Outputs of the two longest common substring string and the longest common subsequence. Solving two longest common substring of a string, and the longest common subsequence in a very close approach is dynamic programming. But there is something different in the recurrence equation.
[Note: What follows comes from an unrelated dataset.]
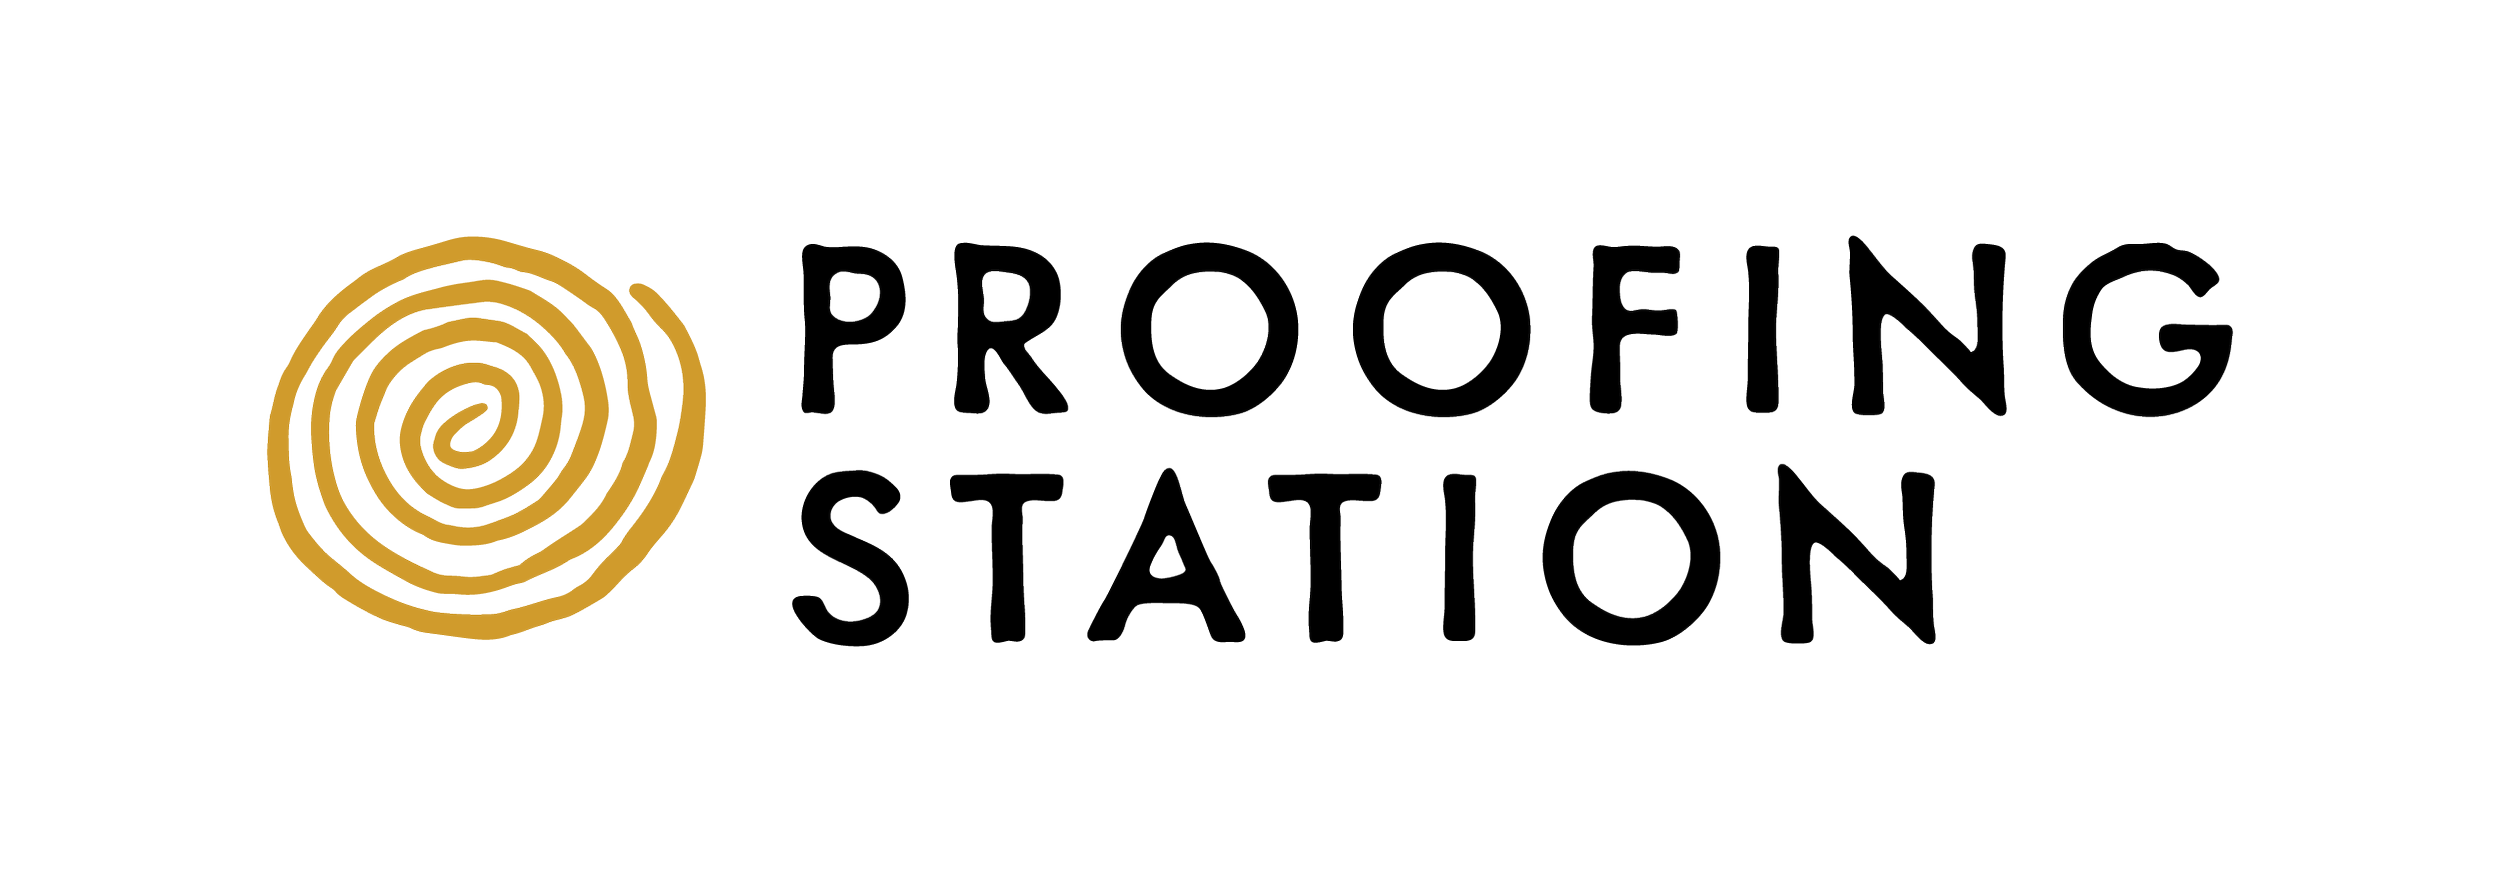 ProofingStation_Website.png

Outputs of the two longest common substring string
#include <bits/stdc++.h> using namespace std; string LCS(string str1, string str2){ if(str1.empty() || str2.empty()){ return ""; } int indexMax=0, maxn=0; vector<vector<int> > L(str1.size(), vector<int>(str2.size(),0) ); //全部初始化为0 //L[i][j]代表 str1[0~i-1]和str2[0~j-1] 的最长公共子串的长度 for(int i=0; i<str1.length(); i++){ for(int j=0; j<str2.length(); j++){ if(str1[i] == str2[j] ){ if(i==0 || j==0){ L[i][j]=1; } else{ L[i][j]=L[i-1][j-1]+1; } } // else is str1 [i]! = str2 [ j] in the case where, in this case L [i] [j] = 0, since the initialization has been set to 0, it is not written here. After completion of the processing // L [i] [j], check whether recorded IF (L [I] [J]> MAXN) { MAXN = L [I] [J]; // record the longest common subsequence string length indexMax = i; end position of the character "longest common substring" occurs at the time of recording // } } } return str1.substr (indexMax +. 1-MAXN, MAXN); // string has a length, taken (end-start + 1) = maxn, then = End +. 1-Start MAXN // indexMax - (+ indexMax-MAXN. 1). 1 = + MAXN, MAXN length string that is taken. } Int main () { String str1, str2; String CUR; the while (getline (CIN, CUR)) { IF (str1.empty ()) str1 = CUR; the else IF (str2.empty ()) = str2 CUR; if(!str1.empty() && !str2.empty() ){ cout<< LCS(str1, str2) <<endl; str1.clear(); str2.clear(); } cur.clear(); } }
Two output strings longest common subsequence. And the difference between common subsequence common substrings that do not require continuous sequence, which is required substring in the original string is continuous.